Legal & General (L&G) has reported a "strong financial performance" in 2025, as its core operating profit jumped by 6% year-on-year to £1.62bn.
However, this figure fell below the financial services provider’s forecast of £1.65bn.
L&G’s profit before tax increased by 143% to £807m in the year to 31 December, reflecting investment variance from core businesses and corporate investments as well as M&A and restructuring costs.
Meanwhile, its core earnings per share grew by 9% in line with guidance to just over 20 pence.
As part of its full-year results, L&G also announced a new £1.2bn share buyback scheme, which is the largest in its history. Alongside 2% dividend per share growth in 2026, the firm expects to return £2.4bn to shareholders in the current year.

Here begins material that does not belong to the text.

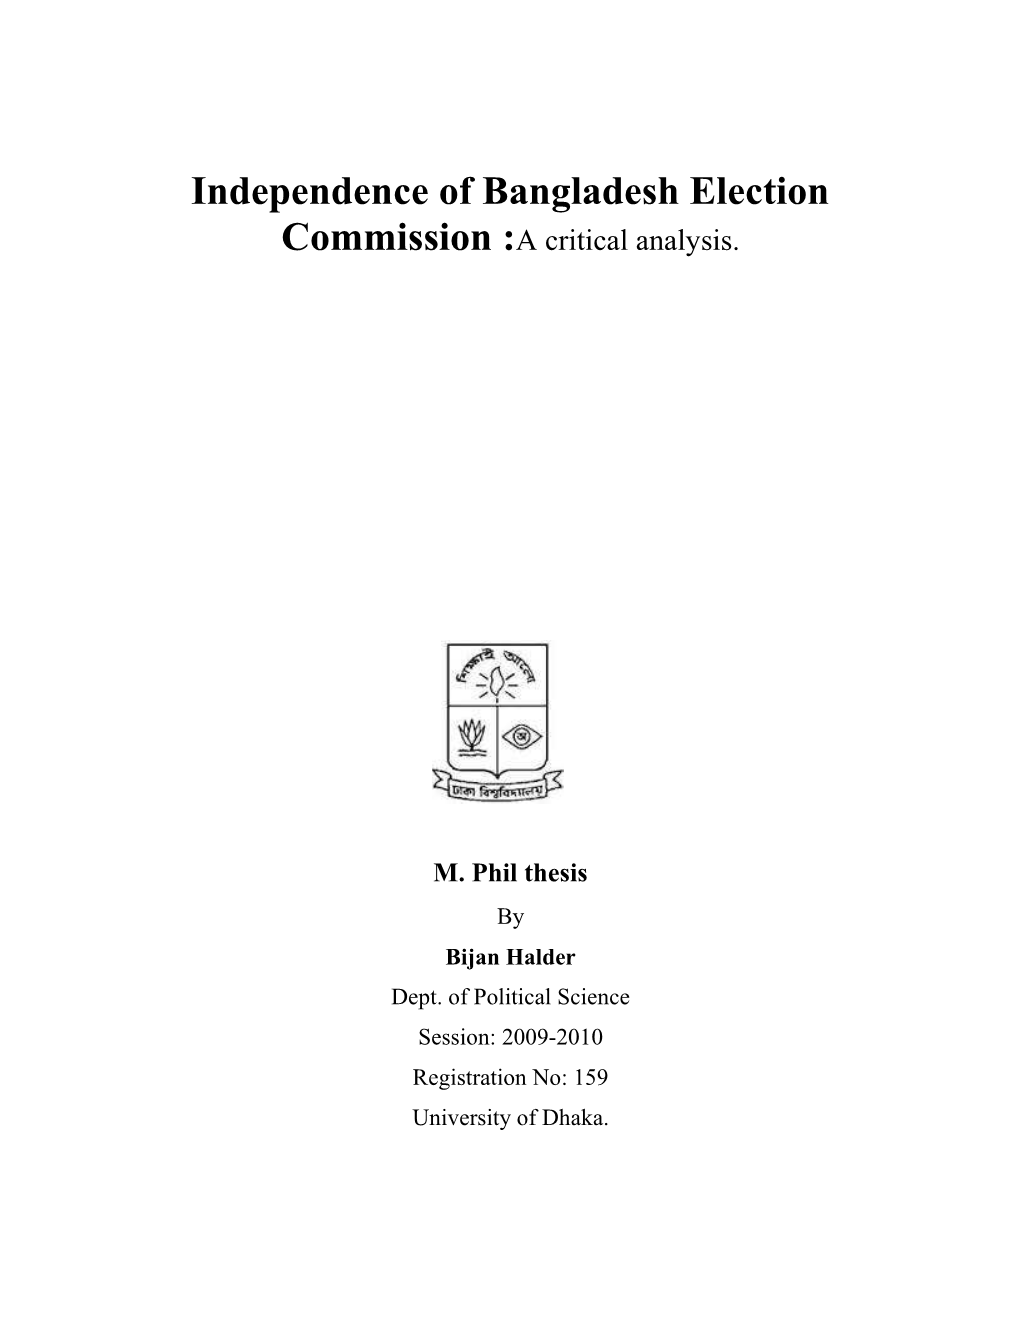 Independence of Bangladesh Election Commission :A Critical Analysis

Chief executive officer at L&G, António Simões, said: "Today we're reporting a strong financial performance for 2025, and meaningful progress in reshaping L&G. We have addressed legacy complexities, strengthened our foundations and we are driving forward our growth strategy across our core businesses.
"As a sharper, more focused business, we are well-positioned to capitalise on the structural, growing demand for long-term investments and retirement income."
L&G said it has started 2026 with "stronger foundations, a sharper portfolio and increased momentum", and expects operating EPS growth to be at the top end of its 6-9% three-year target range.
It remains confident in delivering on its asset management profit target of between £500m and £600m by 2028, while it expects negligible operating profit in its corporate investments unit in 2026 as it continues to dispose of the portfolio.
Following the announcement, shares in L&G fell by over 6%.
Head of markets at AJ Bell, Dan Coatsworth, concluded: "Legal & General failed to hit market forecasts for profit growth in 2025, causing the shares to weaken and seeing £750m wiped off its market value.
"Core operating profit of £1.62bn was marginally below the £1.65bn forecast, which overshadowed the launch of its largest ever share buyback. The earnings miss is unfortunate but not catastrophic. Most investors own this story for the juicy dividends and they’re still flowing like fine wine on a summer’s day."